Ayaz Amir: Degrading… but do we have a choice?

And there is no leader in Pakistan, or indeed across the embattled world of Islam – a religion which we disgrace by our incompetence and cowardice – to match Hasan Nasrullah. So with what weapons in our armoury can we stand up to America and India?

And what makes us think that with our coffers empty, our begging bowl extended feverishly in every direction, the army stuck in the treacherous terrain of the tribal belt, when there is no grimmer joke than to call the seven tribal agencies 'Federally Administered' because any semblance of federal administration there has long since vanished, we have the gumption to tell America and India that while we are not for terrorism will they kindly stop pushing us around until all the evidence is in and the smoking gun linking the Lashkar to Mumbai is found?

So whether the Lashkar was involved in Mumbai or not is beside the point. General Headquarters (GHQ) and Inter-Services Intelligence (ISI), the twin fortresses which more often than not have produced disasters in the name of higher strategy and the national interest, may no longer be able to ignore the warning signs.

Pakistan thus faces a double task: exorcising the ghosts of 'jihad' and at the same time, while seeking American friendship, saying goodbye to the military alliance with the United States which sits like a yoke round our necks. Let America fight its own Afghan war and let the Taliban fight their own war of national resistance. Let us be an interested spectator but not a party to either enterprise. Thirty years of concentrated folly lie behind the present mess. It will take some pretty hard shovelling to clear it.
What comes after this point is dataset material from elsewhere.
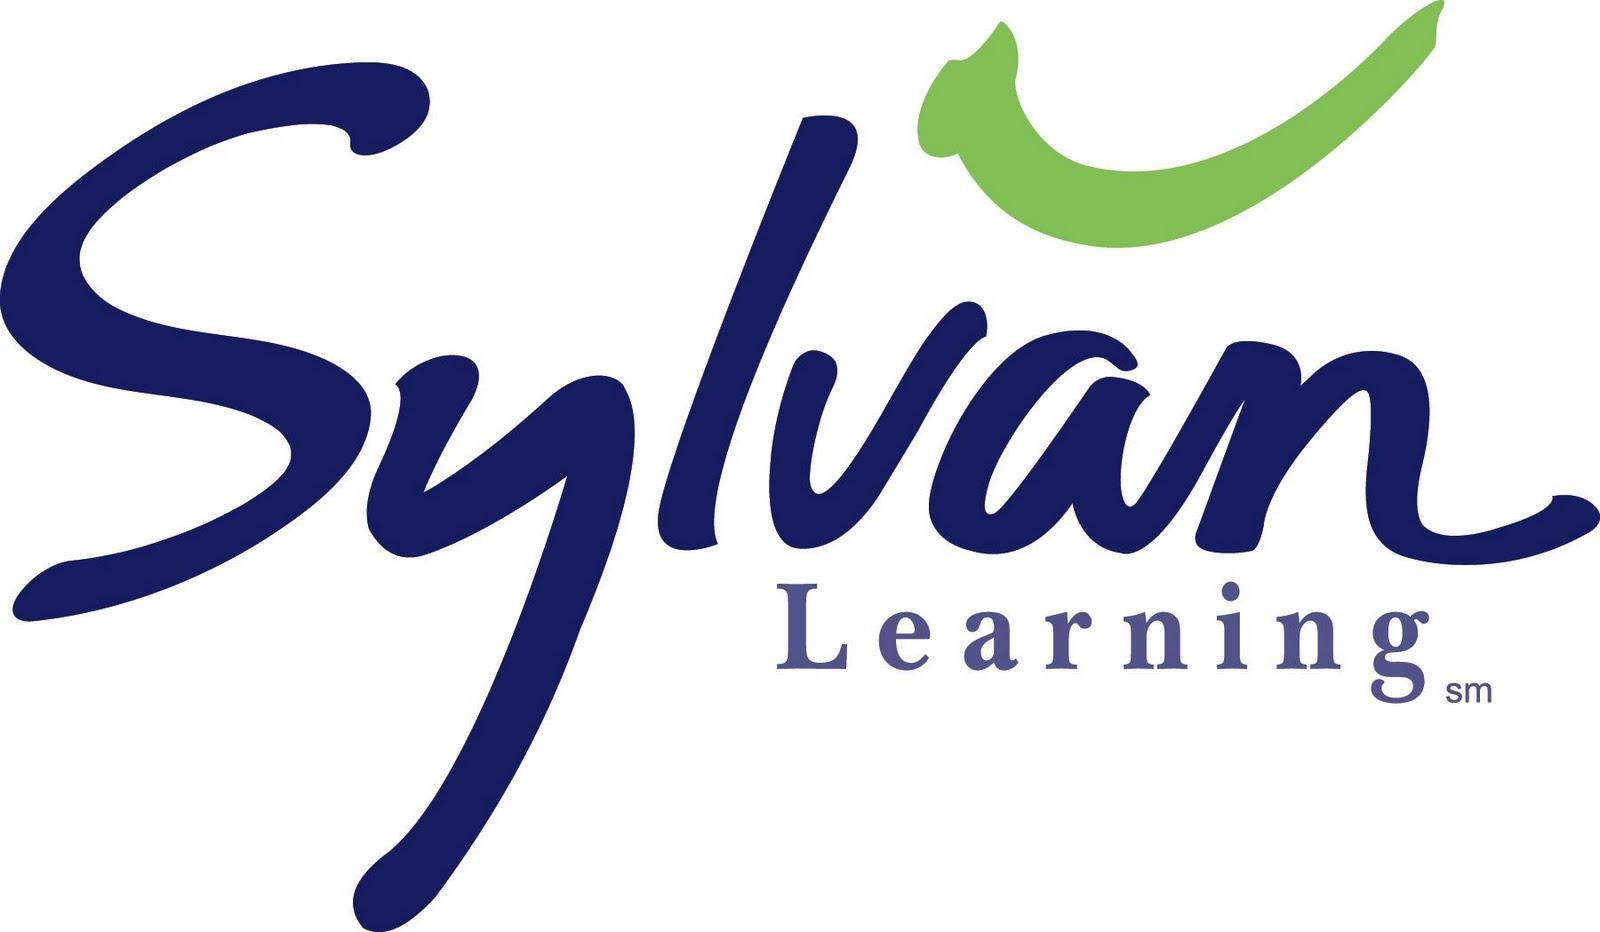 http://1.bp.blogspot.com/-BWgHlU9XXr8/TbmUTTHci2I/AAAAAAAAAA4/3OkNgecFae8/s1600/Sylvan+Logo.jpg

Distancing ourselves equally from the Taliban and the United States is not as great a contradiction as may appear at first. For us both the Yanks and the Black Turbans pose a mortal danger. We play with either and we burn our fingers. We play the 'jihad' card, or do not erase what's left of the traces of 'jihad', and we risk more pressures of the kind we presently face. The ISI should relearn the definition of 'asset'. Warriors of 'jihad' who may have been assets once upon a time are clear and present dangers. On the other hand, if we remain tied to America's war chariot we make internal fissures deeper because identification with America is a spur to extremism carried out in the name of Islam.